PURPOSE:To obtain a semiconductor device with improved cooling properties by embedding the head part of a clamping bolt into a cooling piece. CONSTITUTION:A cooling piece 14 is placed so that tip parts 18b, 18b of clamping bolts 18, 18 may be directed upward, an insulation plate 13, a current terminal 12, a semiconductor element 11, a current terminal 15, and an insulation plate 16 are piled up in sequence, and then nuts 19, 19 are clamped to the clamping bolts 18, 18 so that the insulation plate 16 may be pressed downward by a metal springy press pressure body 17. Thus, it is not necessary to form a cut part for mounting a bolt at a cooling surface 14a of the cooling piece 14 and the cooling surface 14a can be made larger by that amount.
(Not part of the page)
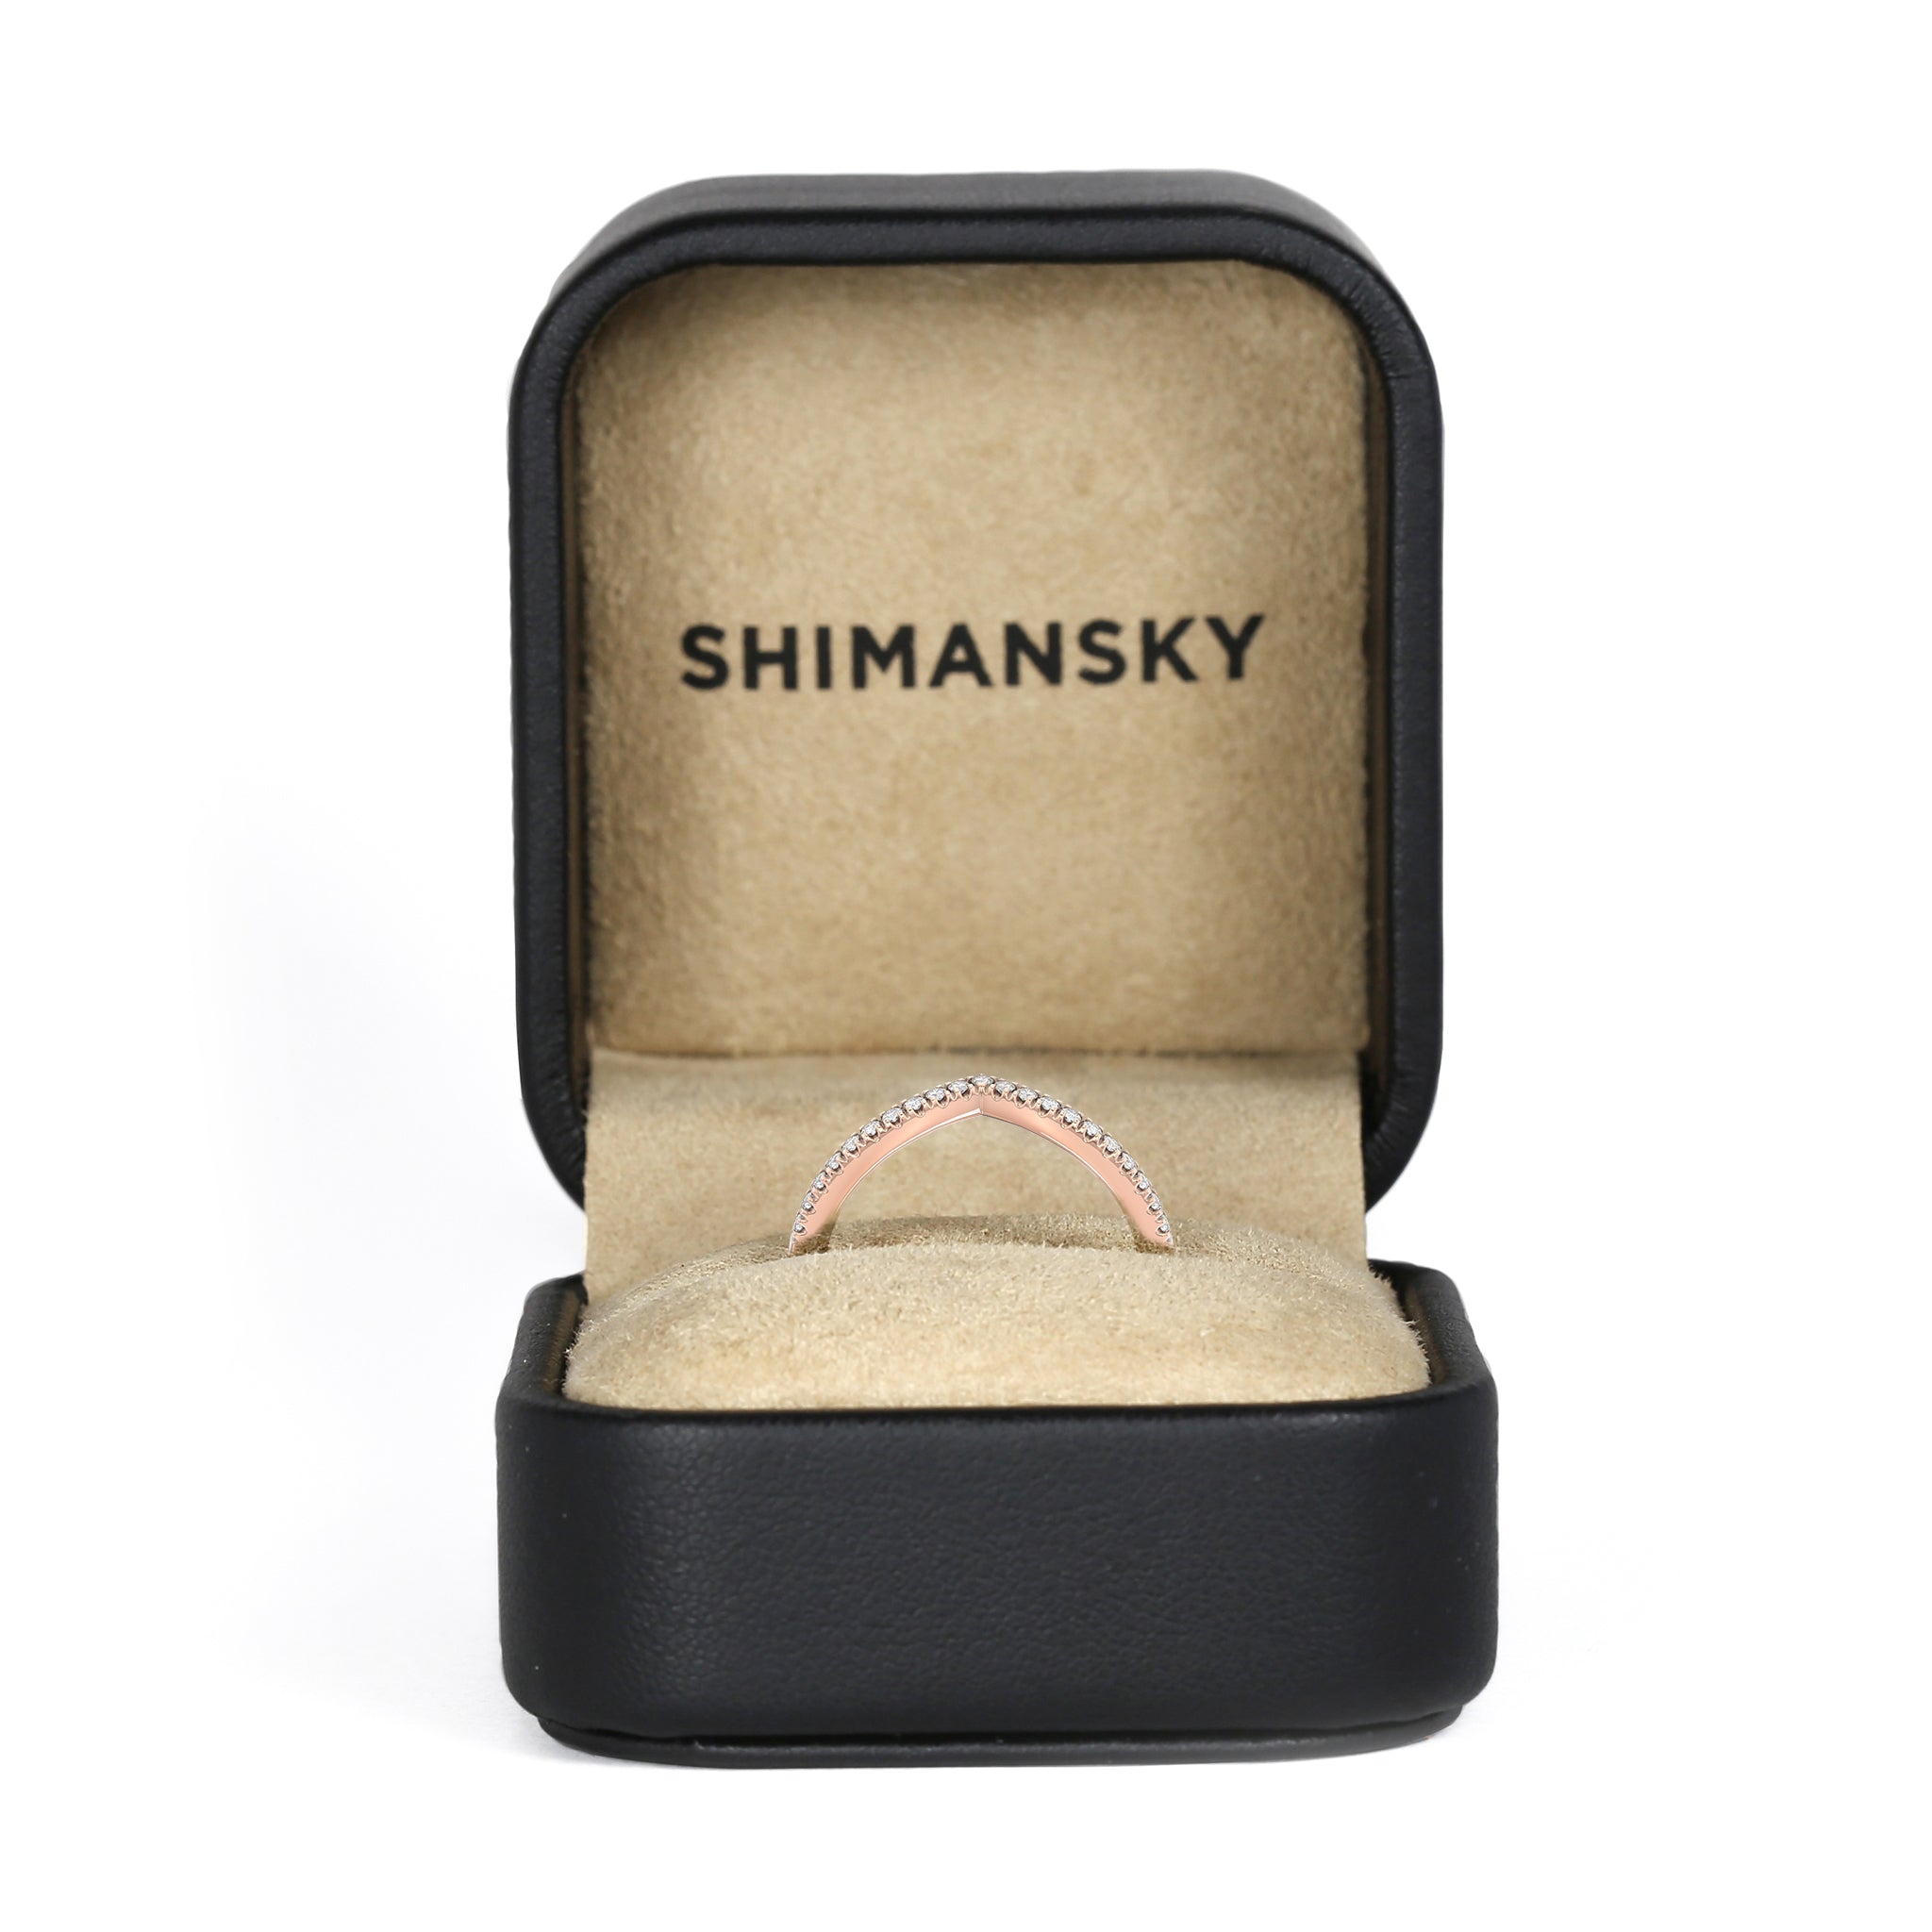 Shimansky - Wishbone Ladies Wedding Band Crafted in 18K Rose Gold

Namely, when the cooling surface 14a is mounted so that it may be held against the external cooling piece, the junction area between the cooling piece 14 and the external cooling piece can be made larger and heat generated during operation of the semiconductor element 11 can be efficiently transmitted from the cooling piece 14 to the external cooling piece, thus achieving an improved cooling performance.

Description

DETAILED DESCRIPTION OF THE INVENTION (Field of Industrial Application) The present invention relates to an electrically insulated semiconductor device, and more particularly to an improvement in a bolt attachment mechanism for securing a heat dissipation portion thereof.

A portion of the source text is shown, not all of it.